By: Jen Wadkins
This is an in-depth notebook which explores the King County Housing Dataset through several different models. The notebook includes a thorough EDA and cleaning section, numerous visualizations, exploration of different models, feature selection and engineering methods, and a model stack to create the final model.
You can read my tutorial about simple model stacking on Medium: https://towardsdatascience.com/simple-model-stacking-explained-and-automated-1b54e4357916
- Data Cleaning
- Exploratory Data Analyis
- Data Visualization
- Feature Selection and Engineering
- Model Selection and Tuning
- Model Stacking
- What are the primary factors influencing housing prices in the King County metro area?
- Can we effectively use a regression model based system for realtors to determine a proper list price?
We use the OSEMN for Data Science to organize the project.

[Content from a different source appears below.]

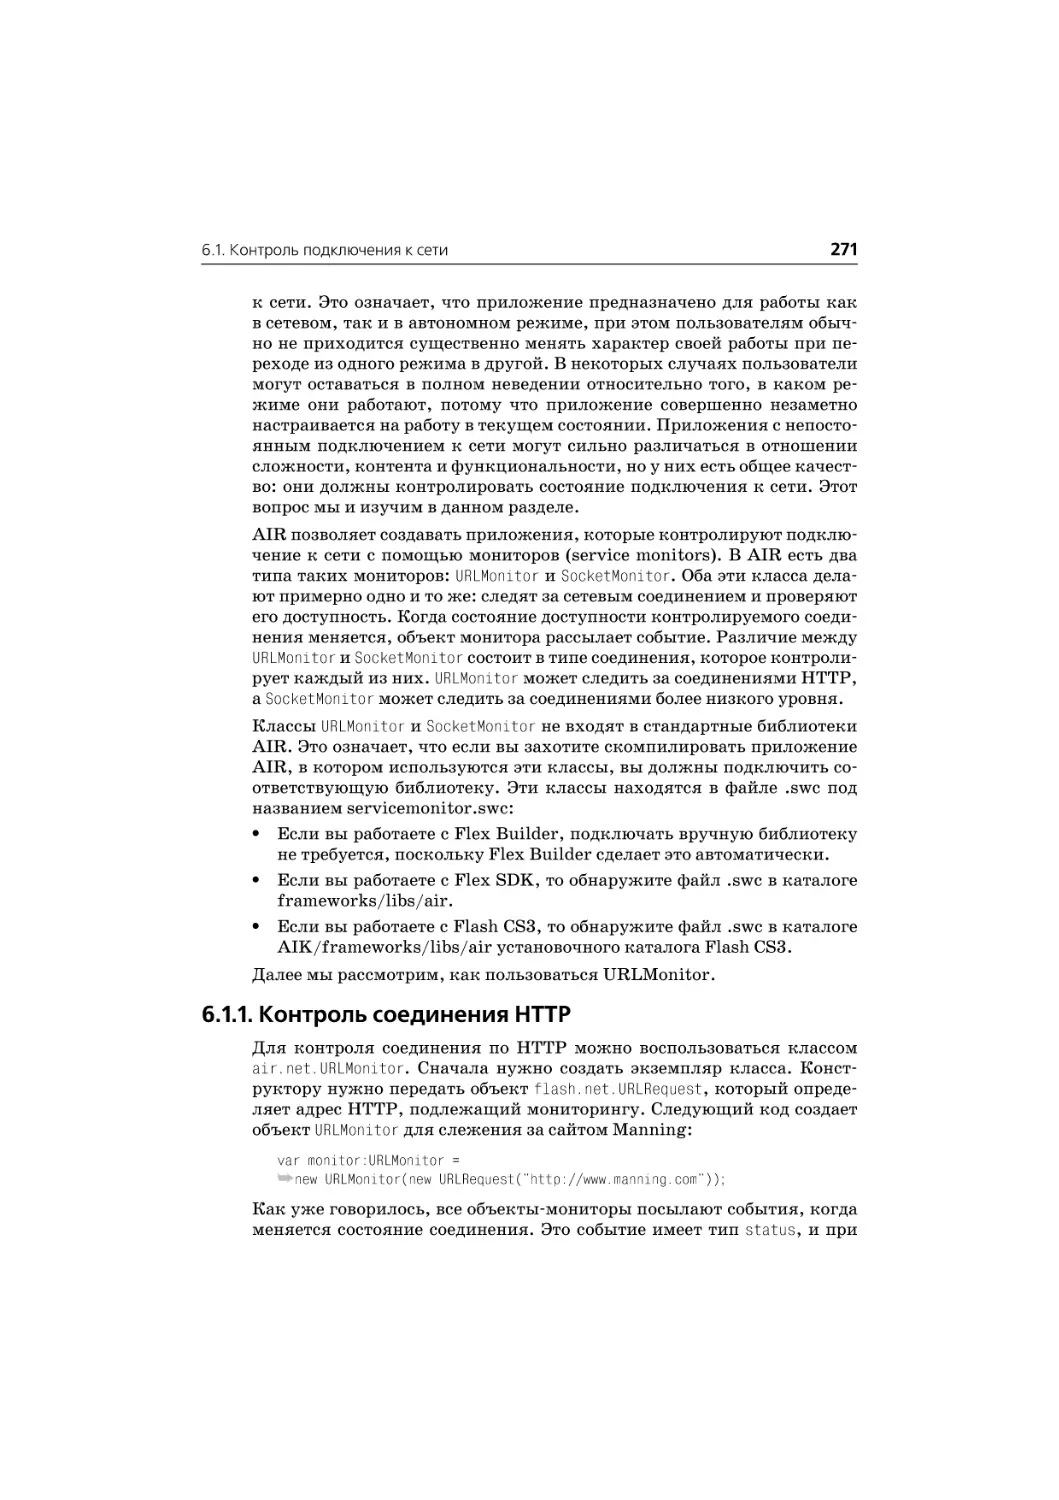 6.1.1. Контроль соединения HTTP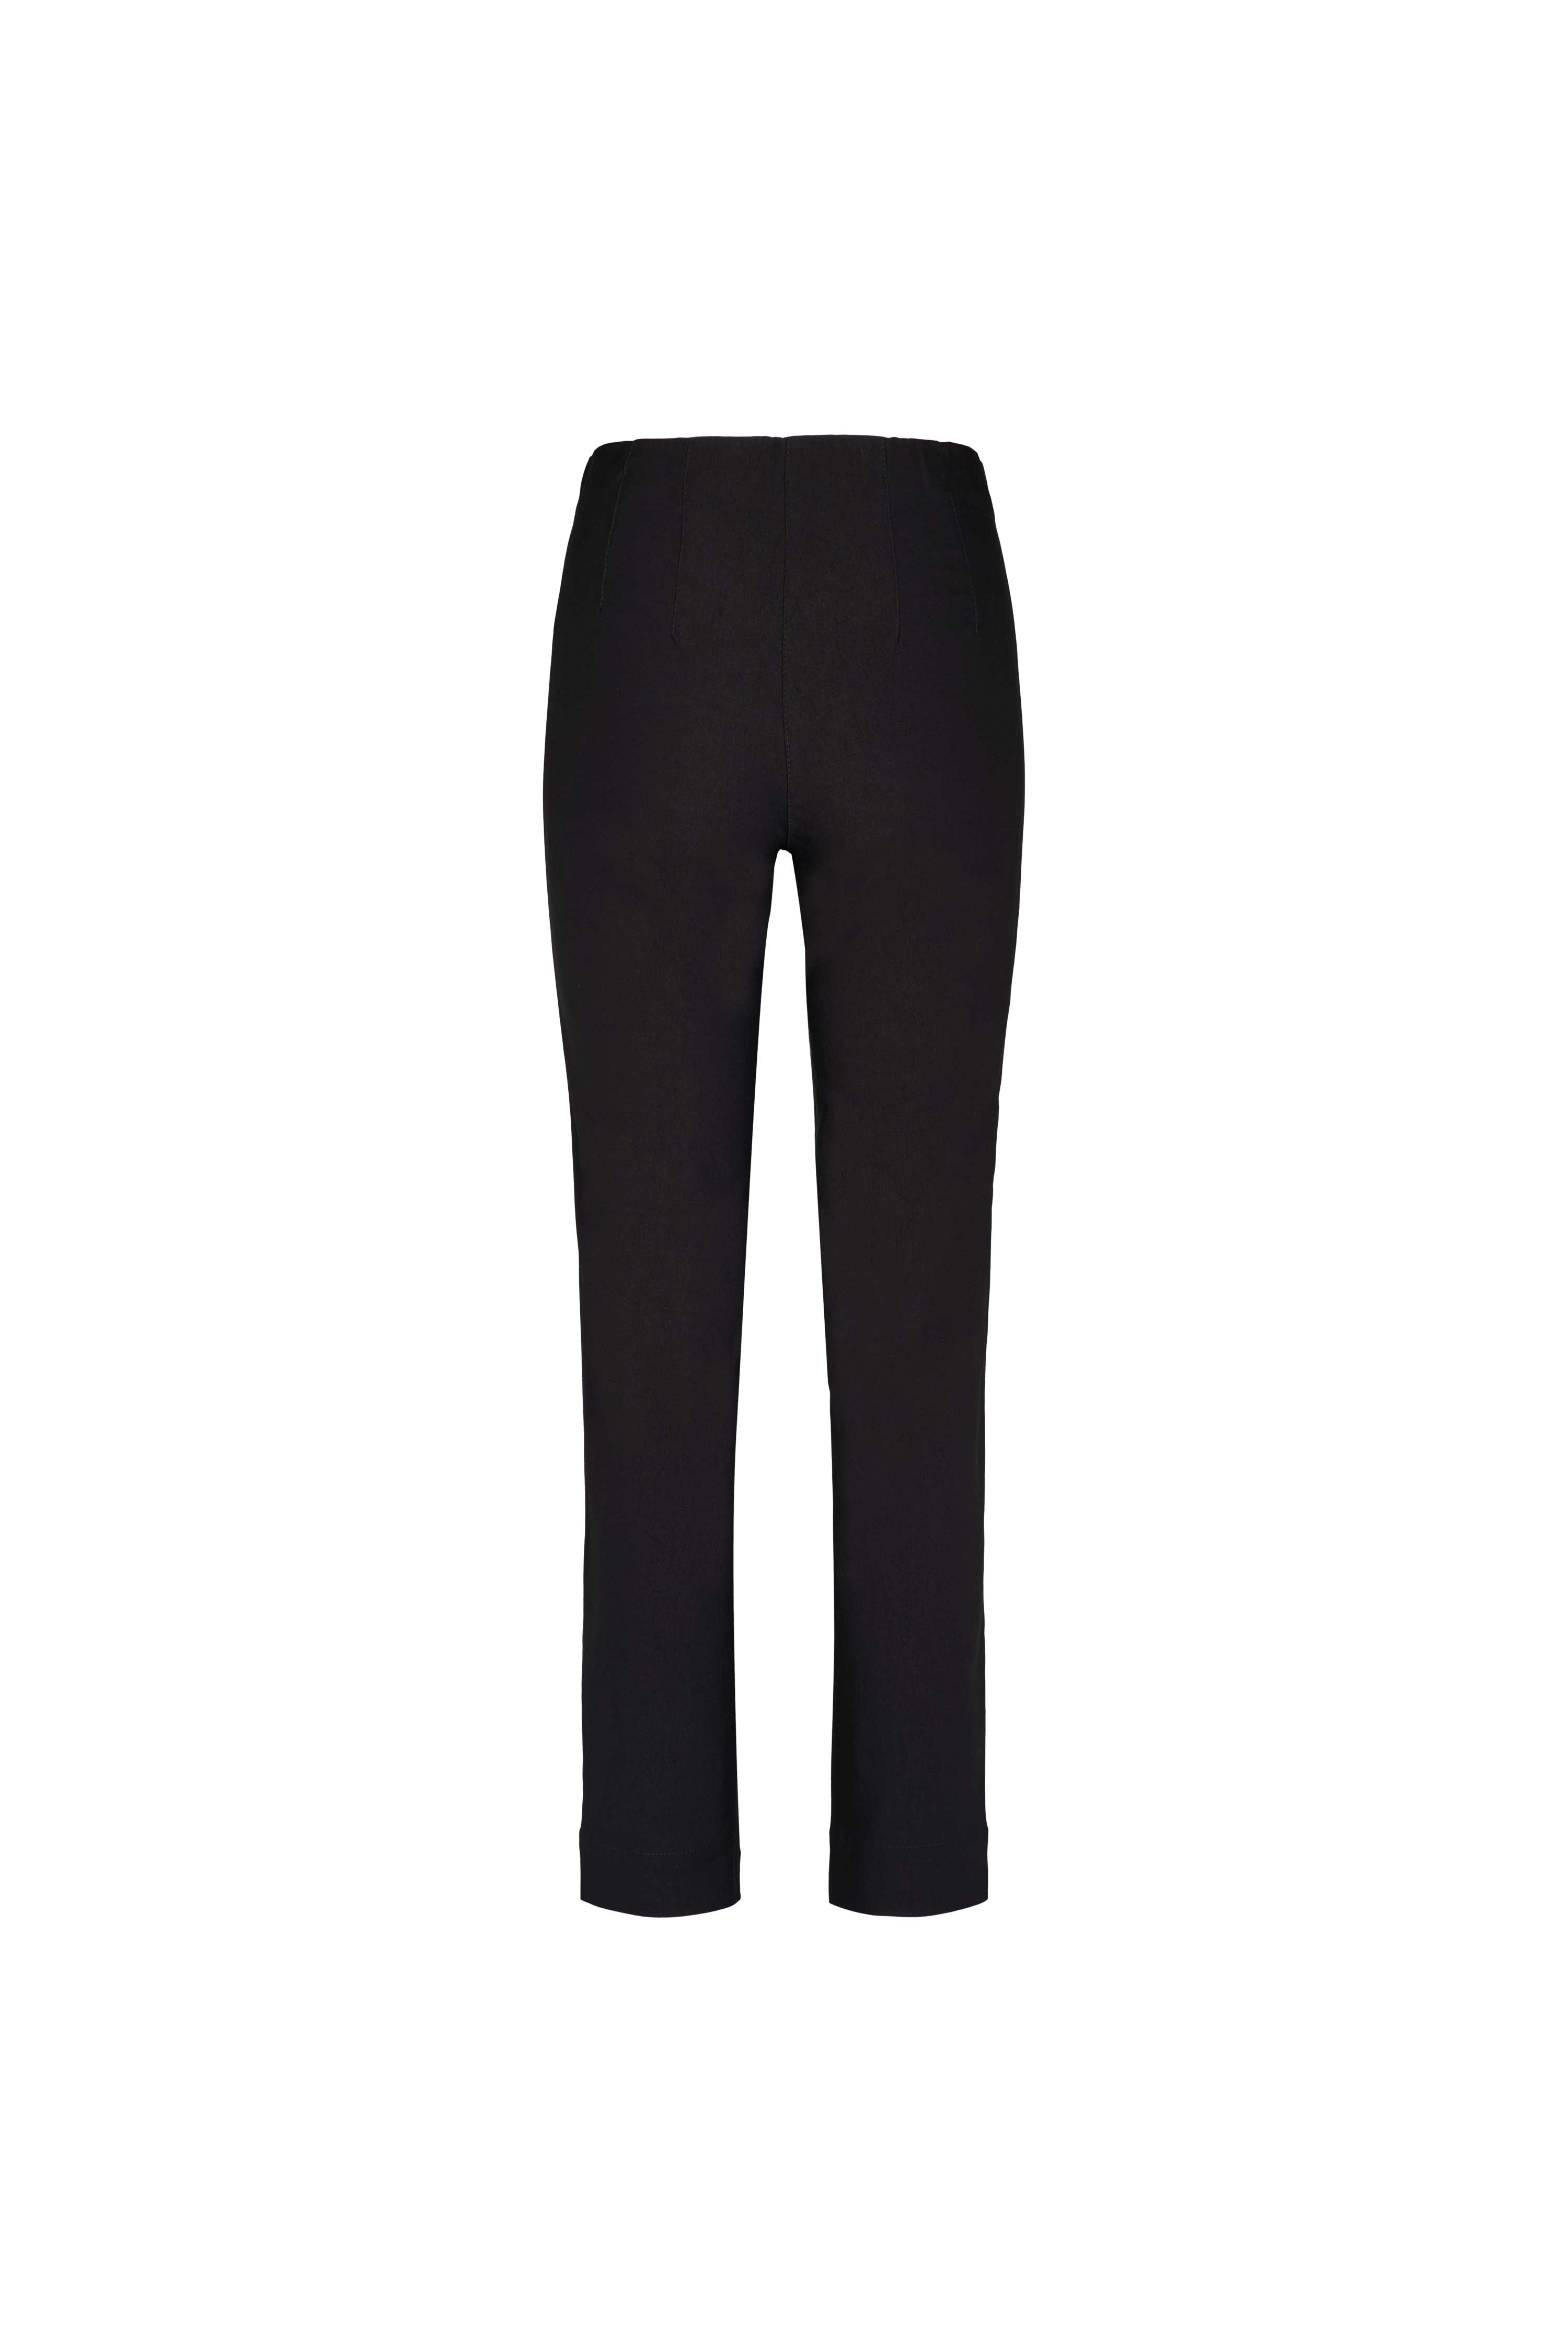 LAURIE Betty Regular - Short Length Trousers REGULAR 99970 Black

- Obtain Data: Source data from King County
- Scrubbing/Cleaning Data: Clean and prepare data for model processing
- Exploring/Visualizing the Data: Perform EDA on data
- Model: Iteratively explore different models
- Analysis: Analyze and explain results
-
Project Overview
- Table of Contents
- Objective
- Package Imports
- Notebook Functions
-
Obtaining our Data
-
Scrubbing/Cleaning Data
- Checking Time Series
- Duplicate Data
- Outlier Detection
- Binary Data
-
Exploring/Visualizing Data
- Study Target Variable
- Create Holdout Set
- Feature Engineering
- Correlations and Multicollinearity
- Polynomial Relationships
- Visualize Categoricals
- Visualize Continuous
- Feature Interactions
-
Cleaning Final Data
- Standardize and Transform
- Add Polynomial Features
- Process Test Set
- Create Train/Test Final Set
-
Modeling
- Spot Check Models
- Feature Selectors
- Spot Check Evaluation
- Final Model Setup
- Prepare Testing Assets
- Get OOF Predictions
- Run Stack Selector
- Prepare Final Assets
- Final Model Evaluation
- Spot Check Models
-
Analysis
-
APPENDIX
Our final model utilizes a combination of continuous variables and one-hot-encoded categoricals to produce a stacked model with R^2 of 89.78%, a mean absolute error of 47.2k, and a root mean squared error of 74k. I tried several different zip code transformations including polynomial features, mean target encoding, lower-granularity binning, and median rank as a continuous, and ALL of these efforts resulted in a lower R^2 and higher mean absolute error, leading to a final decision to one-hot encode all 70 zip codes individually. Similar efforts on other categoricals such as age and month sold also did not improve the model over one-hot encoding. This resulted in the greatest accuracy despite a model that is more "messy" with a large number of features.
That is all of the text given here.